Because trans people face so many challenges in society, Zuka says it is “important that [members of the trans community see] themselves in the leaders of an organization… they are more likely to seek services and to feel welcomed” by trans-led organizations. He says “organizations that are trans-led [are] most likely to really understand and prioritize the needs of the transgender community.”

Desirée Flores, U.S. social justice program director of the Arcus Foundation, also upholds the importance of trans-led change. Arcus was the top giver to U.S. trans communities between 2015 and 2016, and the top LGBTQ funder overall in 2016 and 2017. “[Any] effort led by and for individuals and communities that have been pushed to the margins benefits tremendously from the lived experience and insights of its architects, and is more likely to [effectively address] the root causes and systems underlying that community’s challenges,” she says. 

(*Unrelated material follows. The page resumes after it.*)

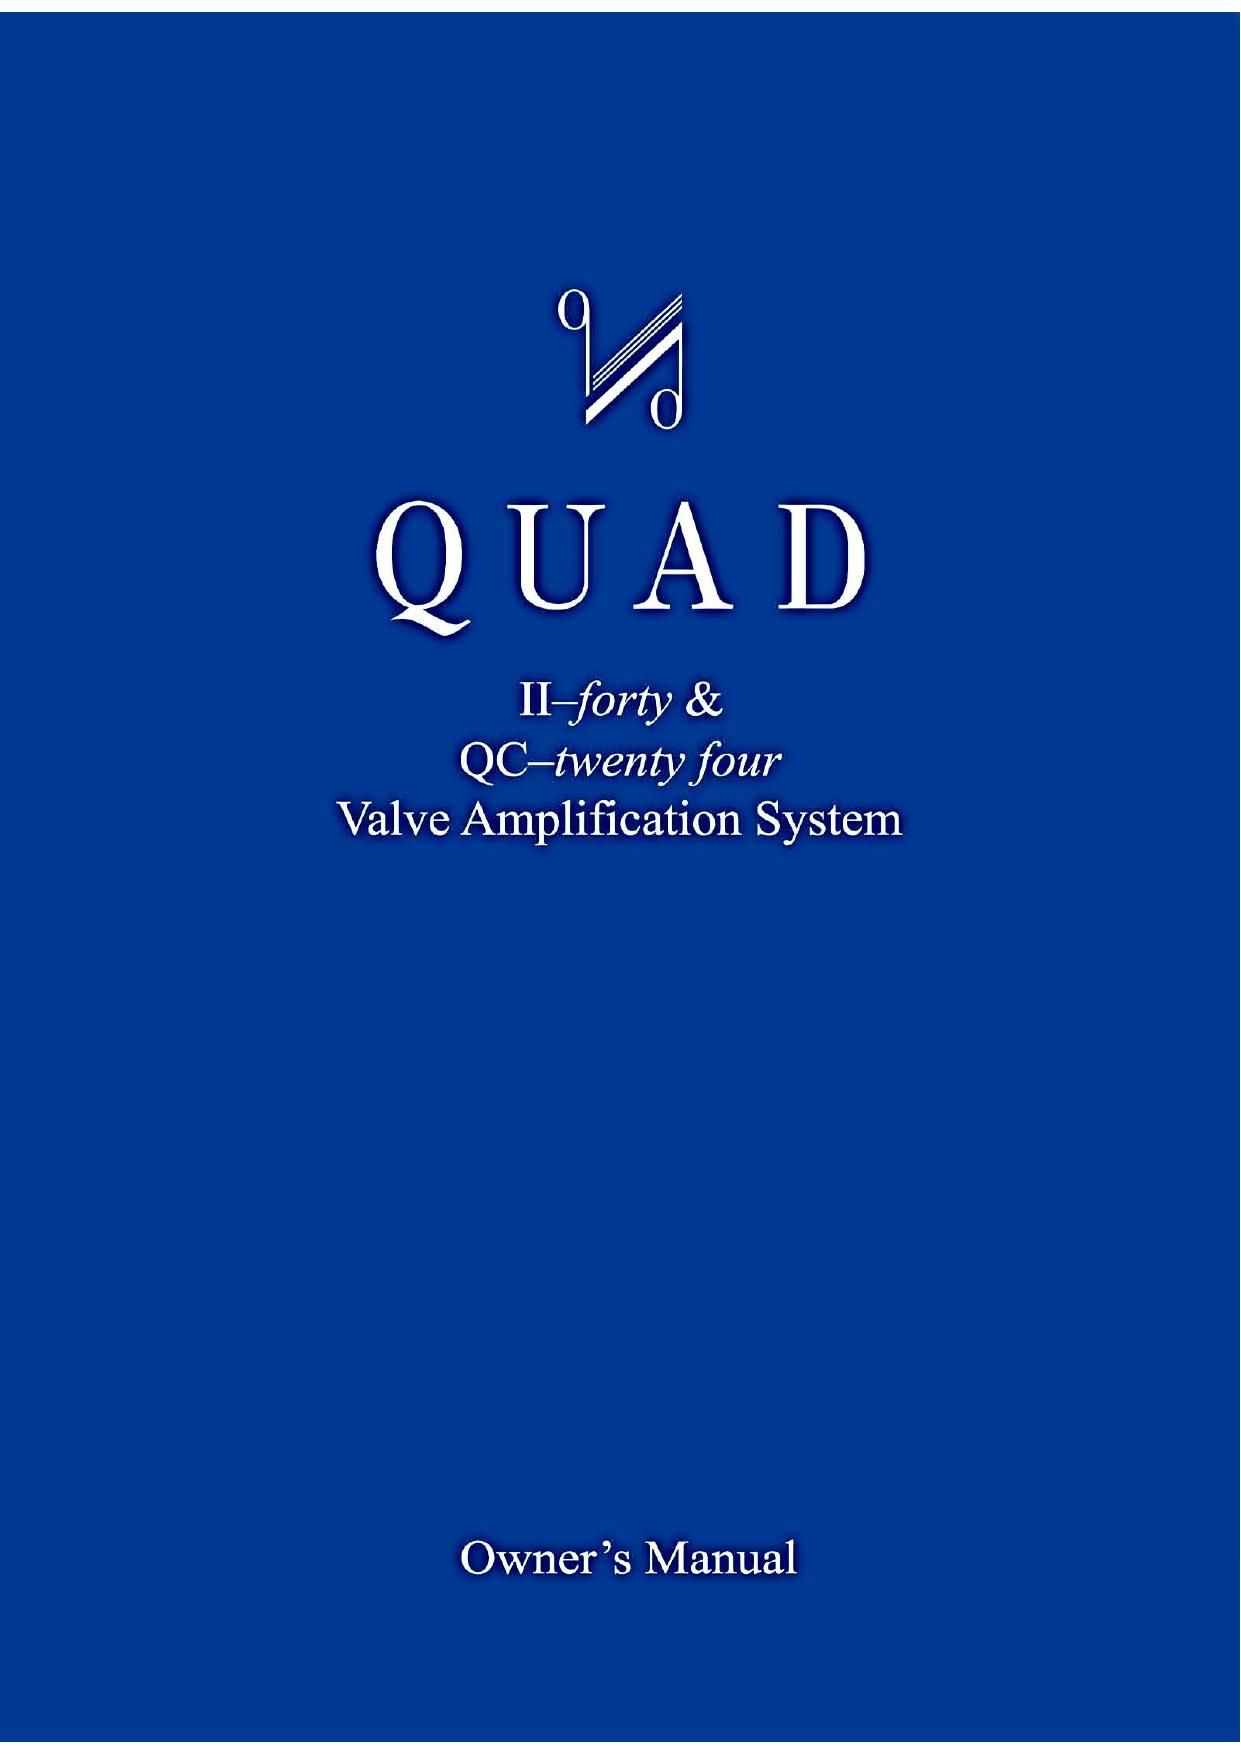 Quad QC Twenty Four Owners Manual
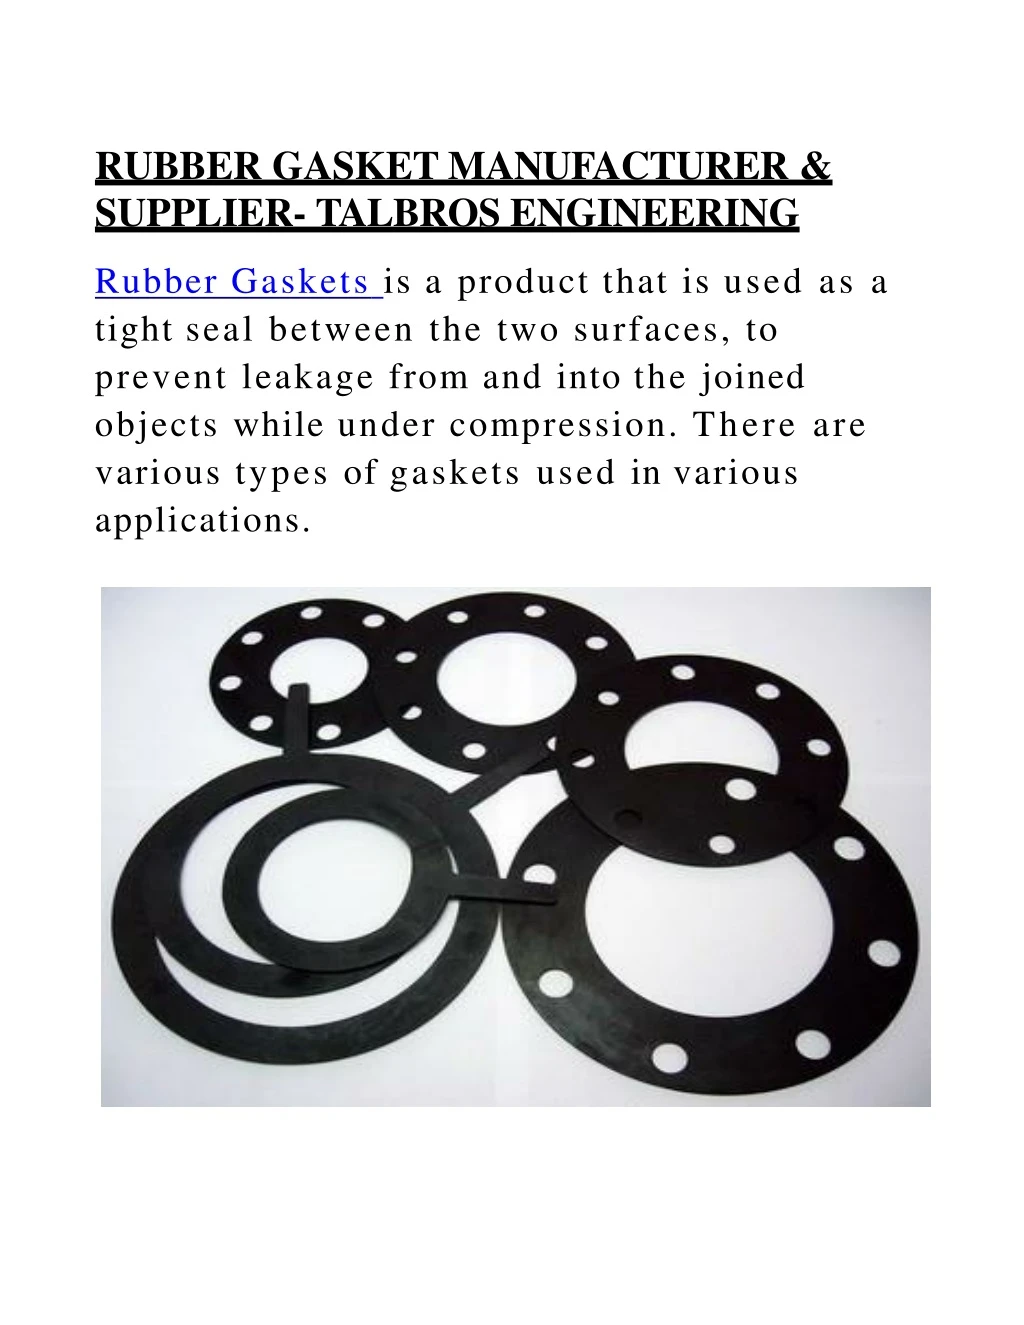 rubber gasket manufacturer supplier talbros

And Gunther of Astraea says the current low level of funding for trans communities “severely [limits] trans groups’ abilities to make progress and [contributes to the] burnout and lack of sustainability of trans leaders… Every single funder should consider how supporting trans rights and funding trans-led organizations fits into their strategies, including by supporting trans groups directly and partnering with powerful trans-led funding initiatives like the Trans Justice Funding Project and the International Trans Fund.”